Un débat violent du début à la fin

Dernière mise à jour lundi, 15 mai 2017 09:06 Ecrit par Gérard Akoun jeudi, 4 mai 2017 03:20


Plusieurs millions de téléspectateurs ont suivi, hier, le débat télévisé entre Marine Le Pen et Emmanuel Macron. On savait que ce débat qui verrait s’affronter les deux finalistes de la campagne présidentielle serait difficile, que les deux adversaires ne s’épargneraient pas mais on pouvait espérer que l’un et l’autre pourraient échanger leurs arguments, sinon sereinement, du moins courtoisement. C’était sans compter avec la vulgarité coutumière de Mme Le Pen.

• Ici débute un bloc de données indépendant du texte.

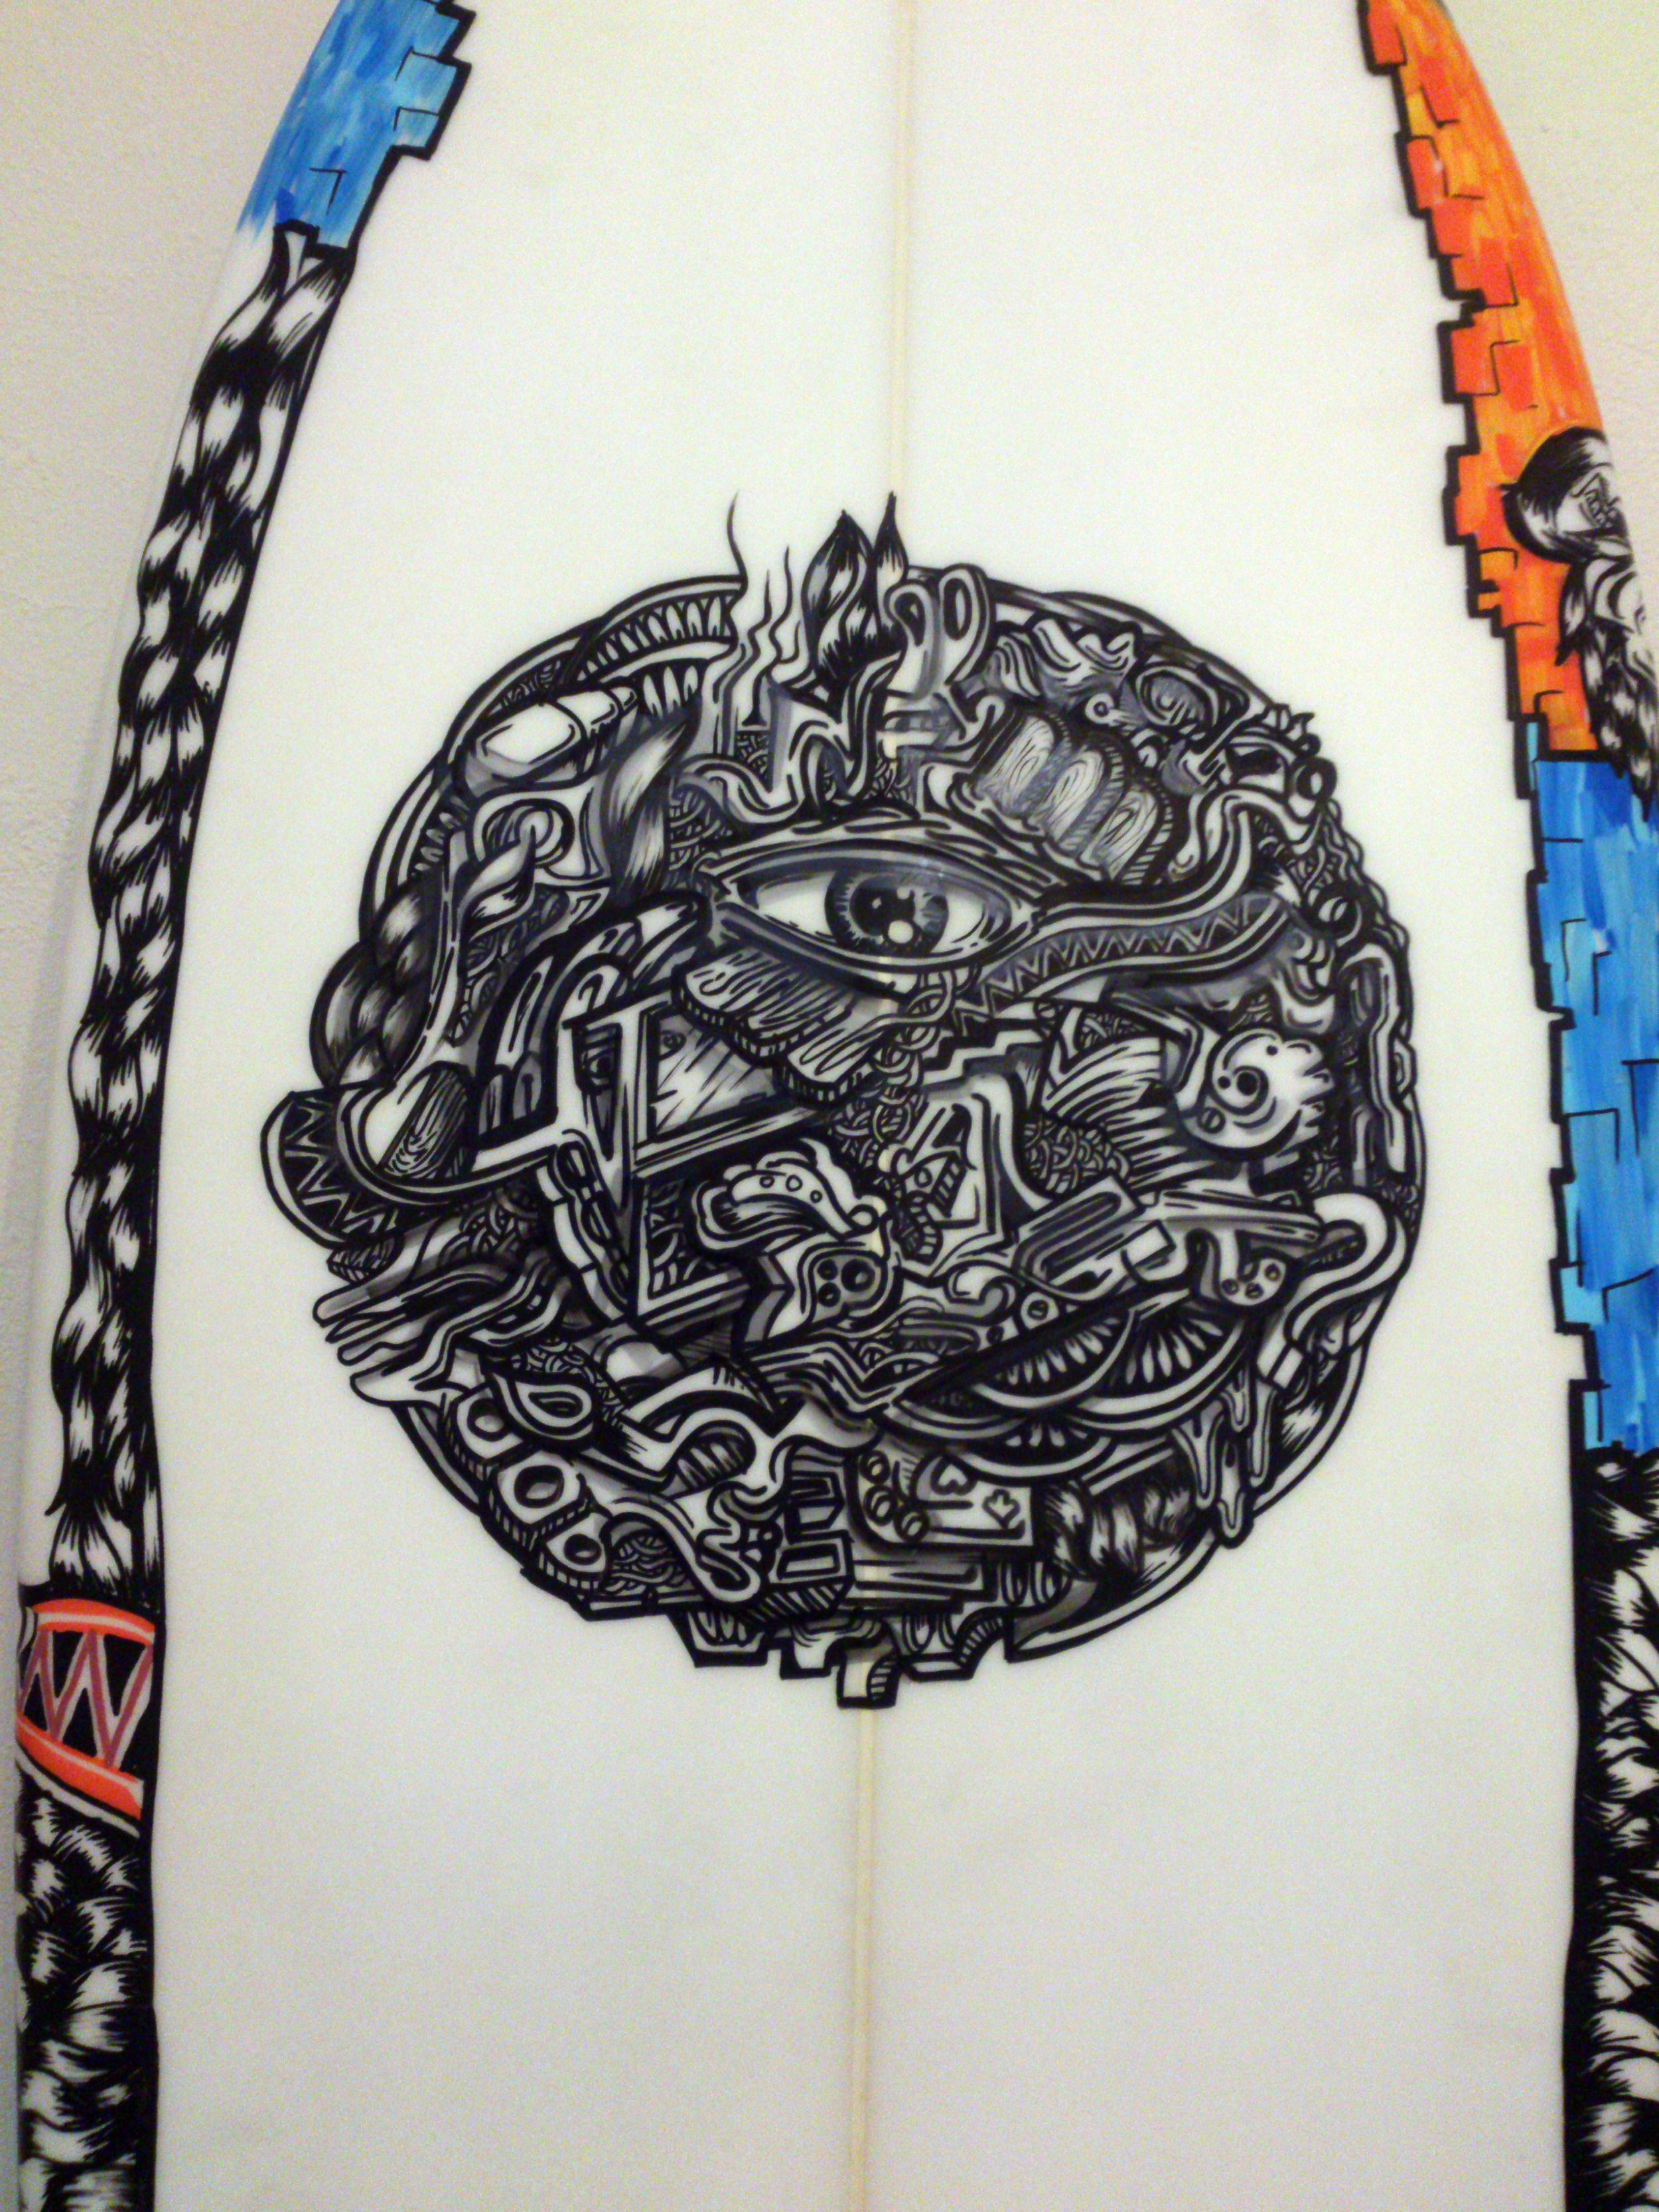 eyeball-detailed-illustration-tattoo-surfboard-custom-art-sam-shennan-ud3-handmade-handpainted.jpg

Tirée au sort pour intervenir en premier, elle attaqua brutalement Emmanuel Macron, je cite : « Monsieur Macron est le choix de la mondialisation sauvage de l’ubérisation, de la précarité, de la guerre de tous contre tous, du saccage économique notamment de nos grands groupes du dépeçage de la France, du communautarisme (…) l’enfant chéri du système et des élites a tombé le masque. » Emmanuel Macron répliqua en l’accusant d’être : « l’héritière d’un nom, d’un parti politique, d’un système qui prospère sur la colère des français depuis tant et tant d’années…. ». Le ton était donné et les échanges furent violents du début à la fin. Ils s’affrontèrent sur l’économie, la protection sociale, la sécurité, sur l’Europe, bien sur, sur l’international et sur les questions de société.
Madame Le Pen voulait démontrer que son adversaire était l’héritier, le complice de François Hollande et lui faire endosser la responsabilité, dans la mesure où il avait été ministre, de la politique menée pendant le quinquennat. Il lui fallait convaincre les électeurs et les électrices de Fillon et de Mélenchon qu’elle représentait la France libre, la France insoumise et qu’elle, Marine Le Pen, tiendrait la dragée haute, aux puissances d’argent, aux européens et aux américains. Elle leur imposerait son programme, ses idées alors que son adversaire, le banquier d’affaires, se coucherait, s’aplatirait devant eux. Elle a asséné ses propositions, bien entendu, sans les chiffrer, elle a consacré la grande partie de son temps de parole à critiquer celles de son adversaire, elle l’a agressé en n’hésitant pas à l’insulter ou à mentir pour donner plus de poids à ses propos. En fait, Madame Le Pen, en voulant, à toute force, assimiler Emmanuel Macron à François Hollande, s’est mise dans la position du challenger face au candidat sortant. Sans le vouloir, je le suppose, elle se mettait en position d’infériorité par rapport à son adversaire. Il est vrai que Mme Le Pen est plus à l’aise dans les meetings que dans les débats où elle peut être contredite !
Emmanuel Macron, un peu surpris au début par l’agressivité de Mme Le Pen a tout de suite compris où elle voulait l’entrainer. Il n’a pas cédé à ses provocations, il a développé son programme, il l’a chiffré, il a étalé les réformes qu’il propose sur la durée du quinquennat. Il a répondu, calmement, aux attaques de la présidente du Front National mais ne l’a pas ménagée, n’hésitant pas à la traiter de menteuse à plusieurs reprises, et à lui rappeler les casseroles qu’elle trainait et ses démêlés avec la justice. A propos du refus de Mme Le Pen de répondre aux convocations des juges il a déclaré, je cite de mémoire : « Vous bafouez les institutions de la République or le président de la République est le garant de ces institutions, comment pouvez postuler à ce poste »
Interrogés après le débat, 63% des téléspectateurs ont trouvé Emmanuel Macron plus convainquant que Marine Le Pen 34%. Il devient difficile pour ceux qui ont suivi ce débat, de dire encore : Marine Le Pen et Emmanuel Macron c’est la même chose, c’est bonnet blanc et blanc bonnet. Peut-on, après avoir suivi ce débat, imaginer Marine Le Pen présidente de la République débattant avec Mme Merkel, Mr Poutine ou Mr Trump ?par contre on peut très bien l’imaginer portant atteinte à nos libertés.
Dimanche 7 mai, aura lieu le deuxième tour de l’élection présidentielle, les sondages donnent Macron gagnant mais l’affaire n’es pas pliée, souvenons nous de ce qui s’est passé en Grande Bretagne et aux Etats Unis. Il faut aller voter contre Marine Le Pen. Voter blanc ou nul, s’abstenir c’est lui donner une chance d’être élue. Il faut voter responsable, il faut voter Emmanuel Macron.